*** SOURCE MATERIAL Section Begins ***
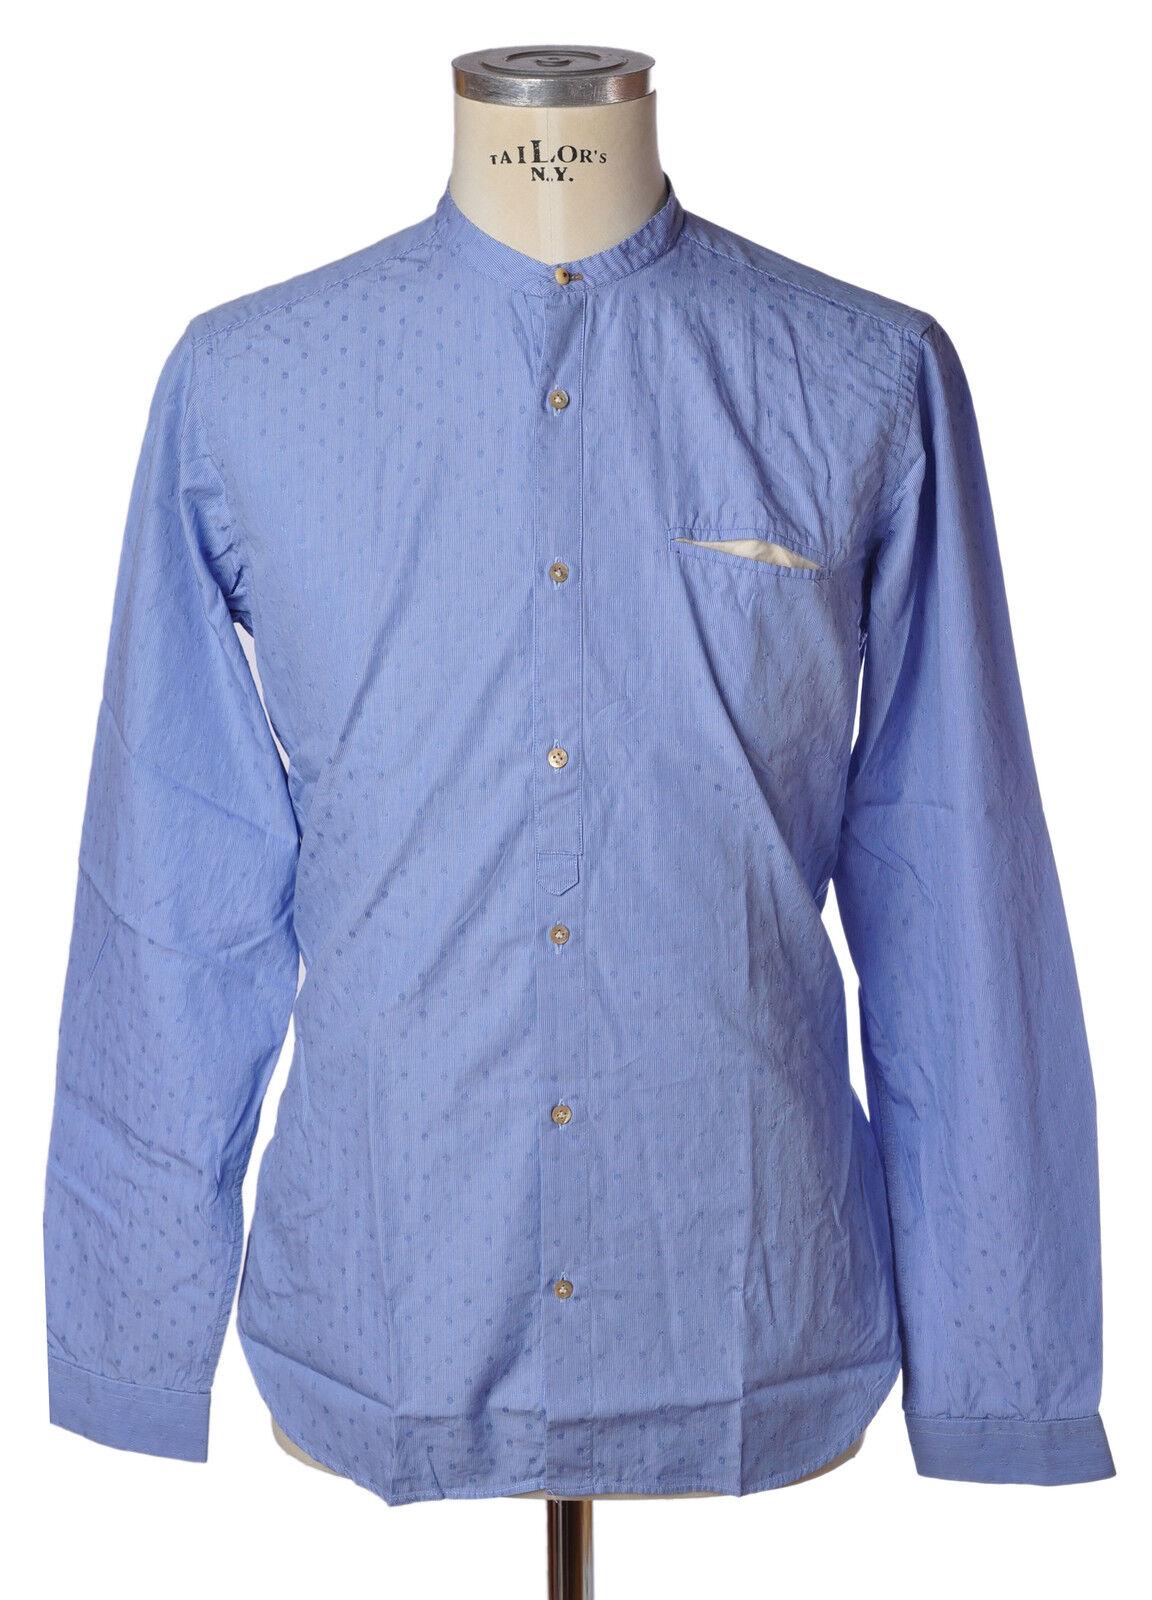 Dnl  -  Camisas - hombre - 245026A185049
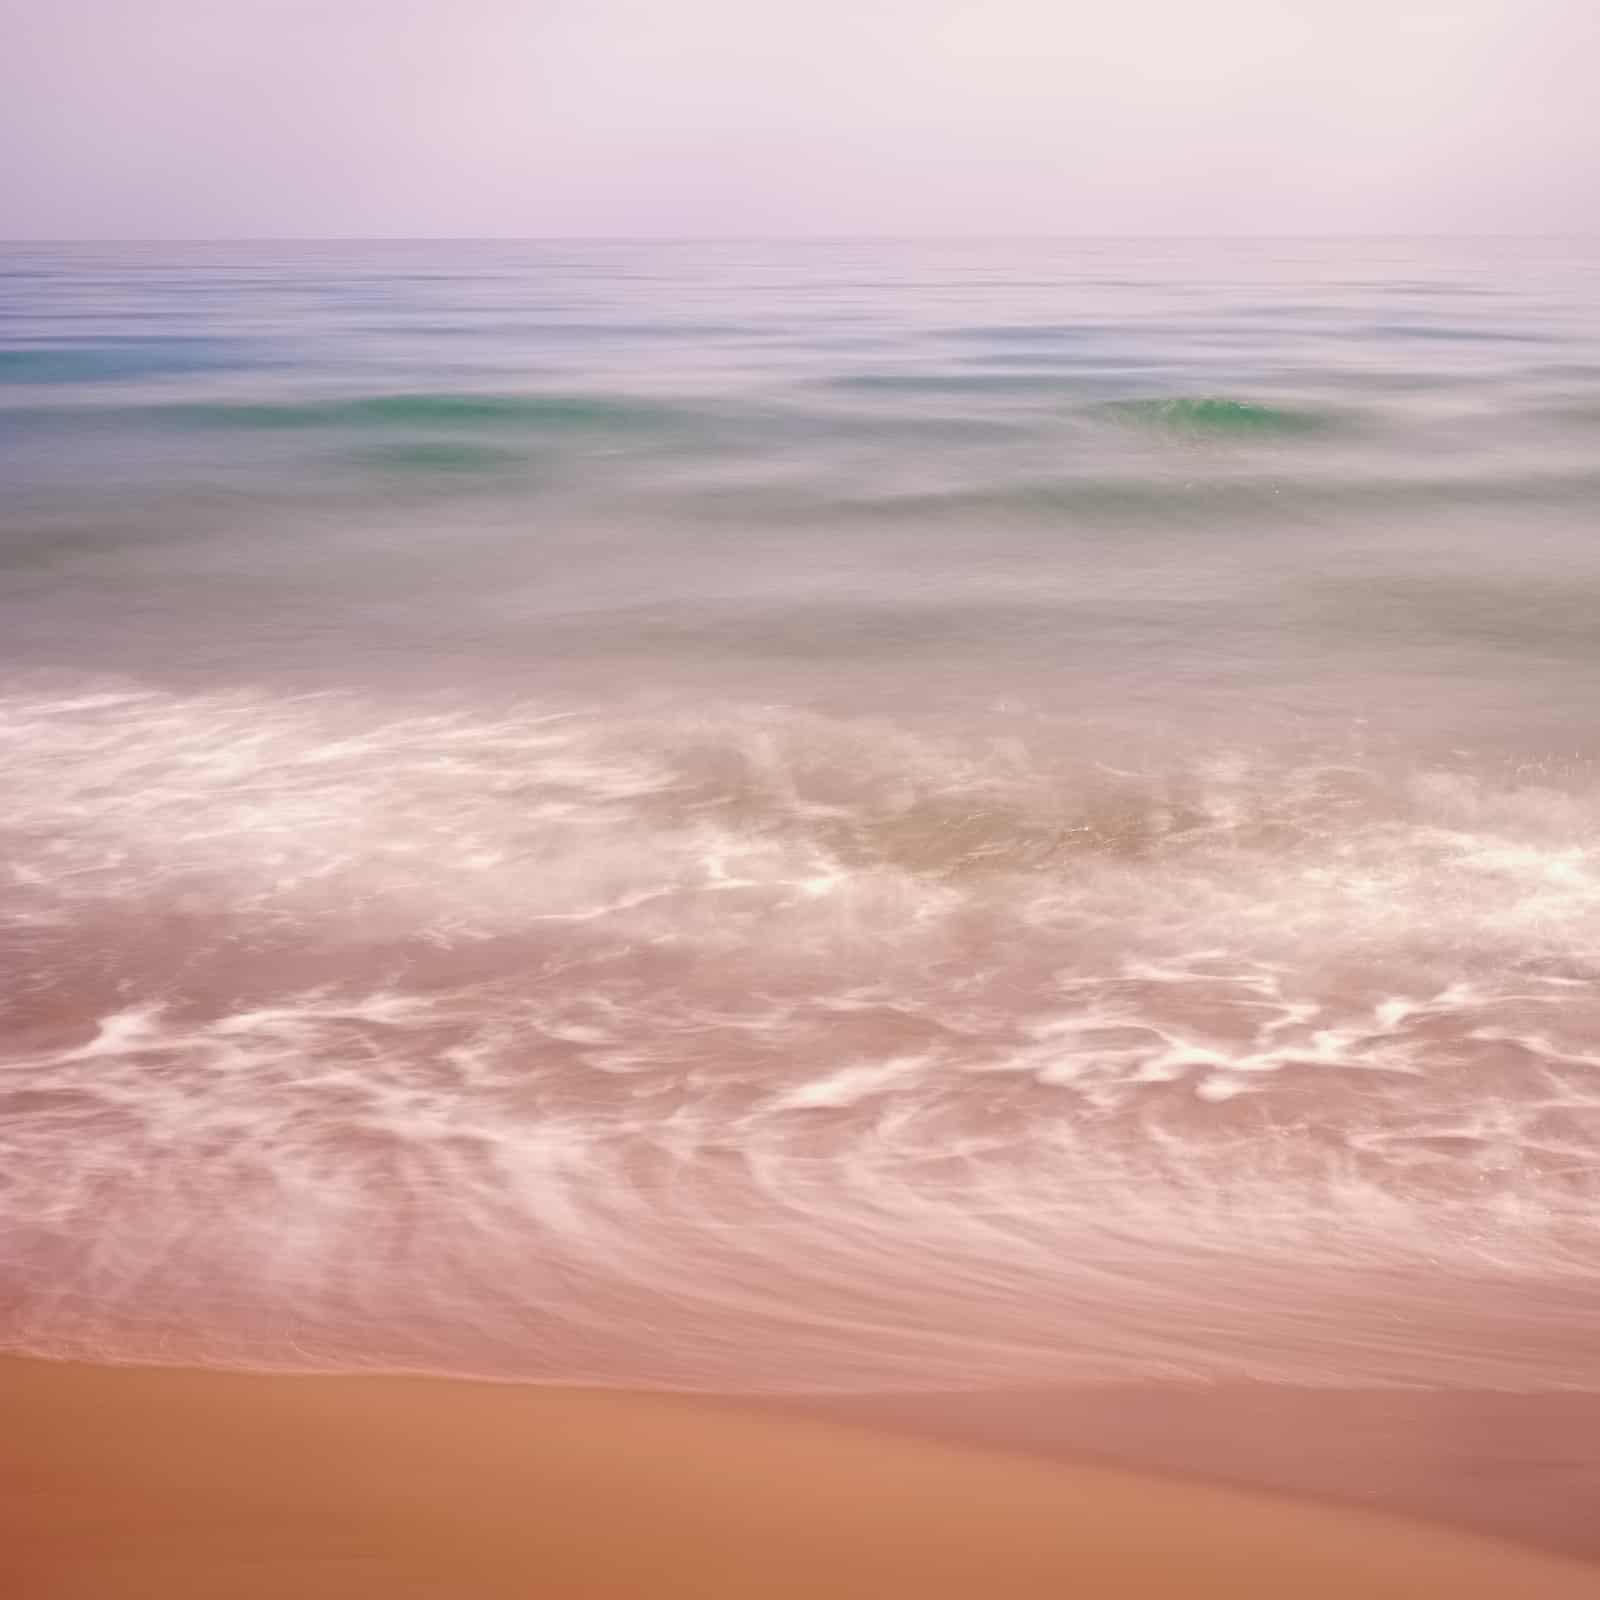 1529444422_Mediterraneo_nuestro
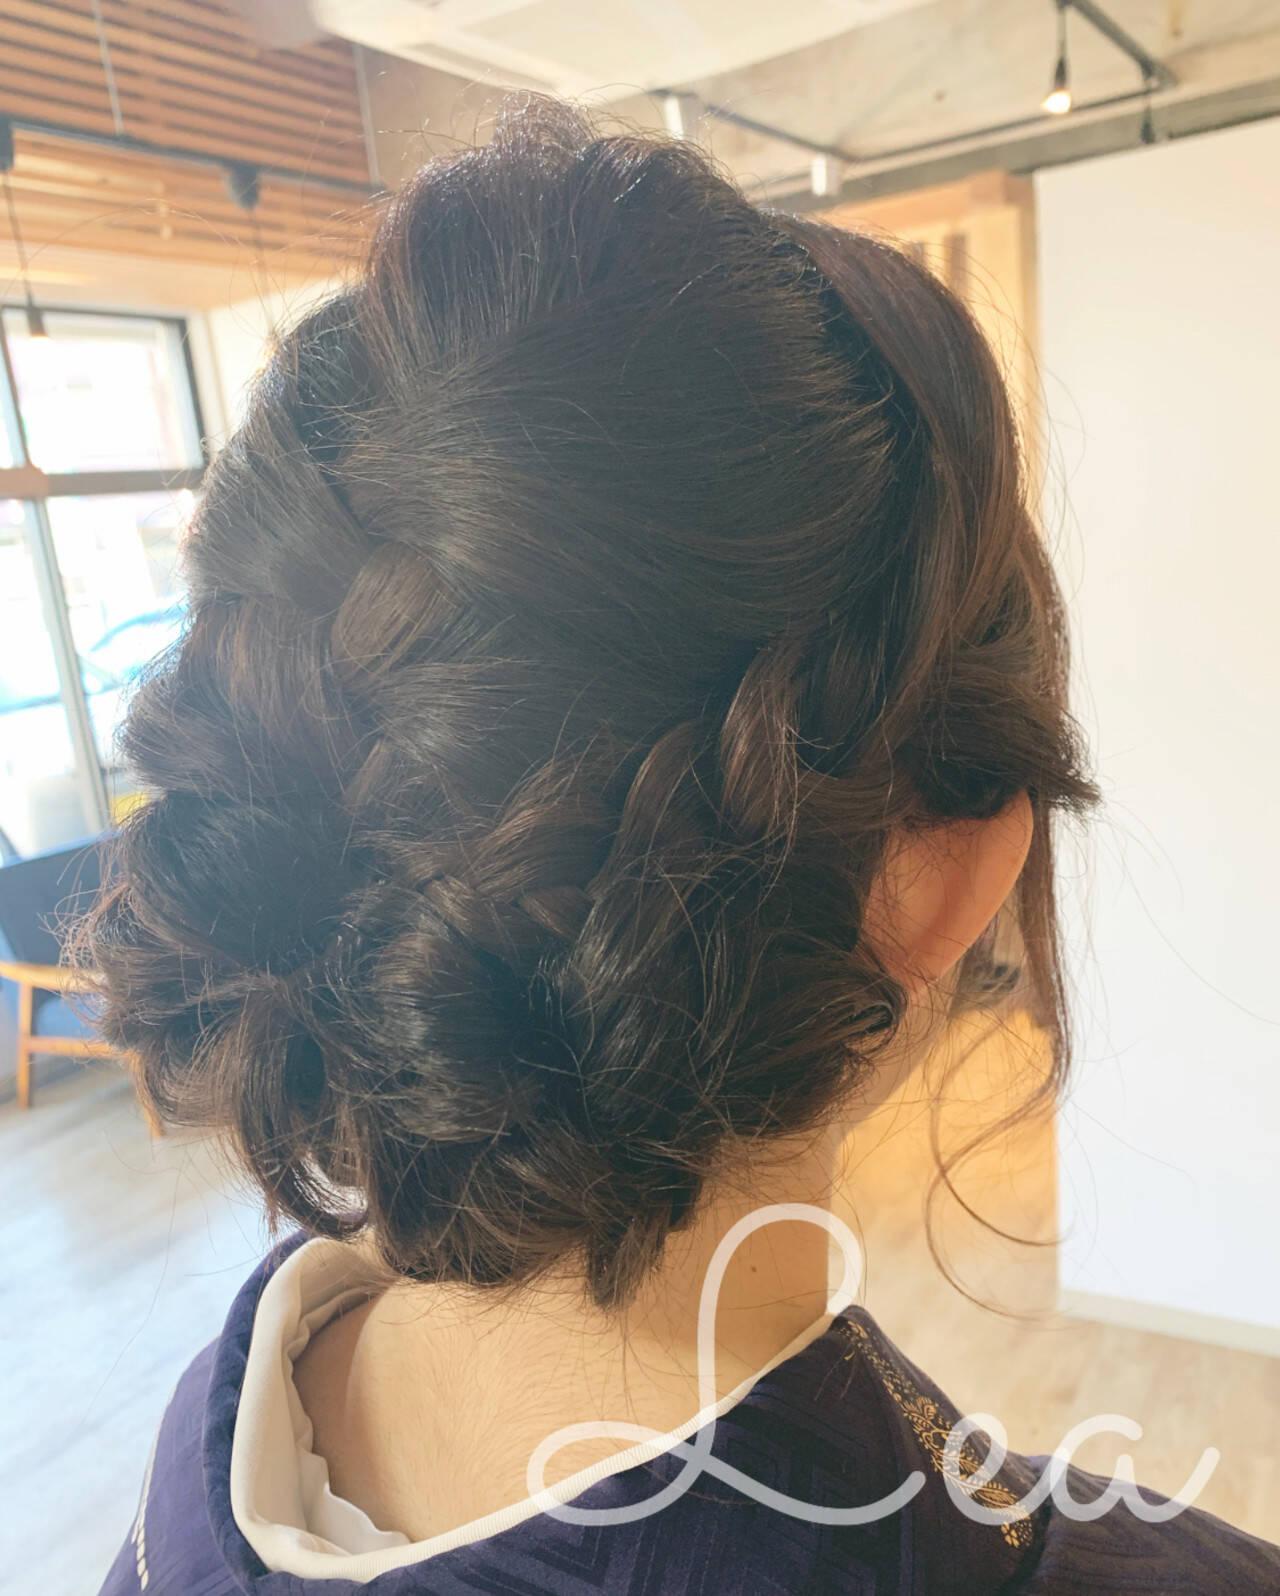 セミロング 和装髪型 和装ヘア 和装ヘアスタイルや髪型の写真・画像
*** SOURCE MATERIAL Section Ends ***
Pictures aside, print every line of the material exactly.

 Dnl  -  Camisas - hombre - 245026A185049
 1529444422_Mediterraneo_nuestro
 セミロング 和装髪型 和装ヘア 和装ヘアスタイルや髪型の写真・画像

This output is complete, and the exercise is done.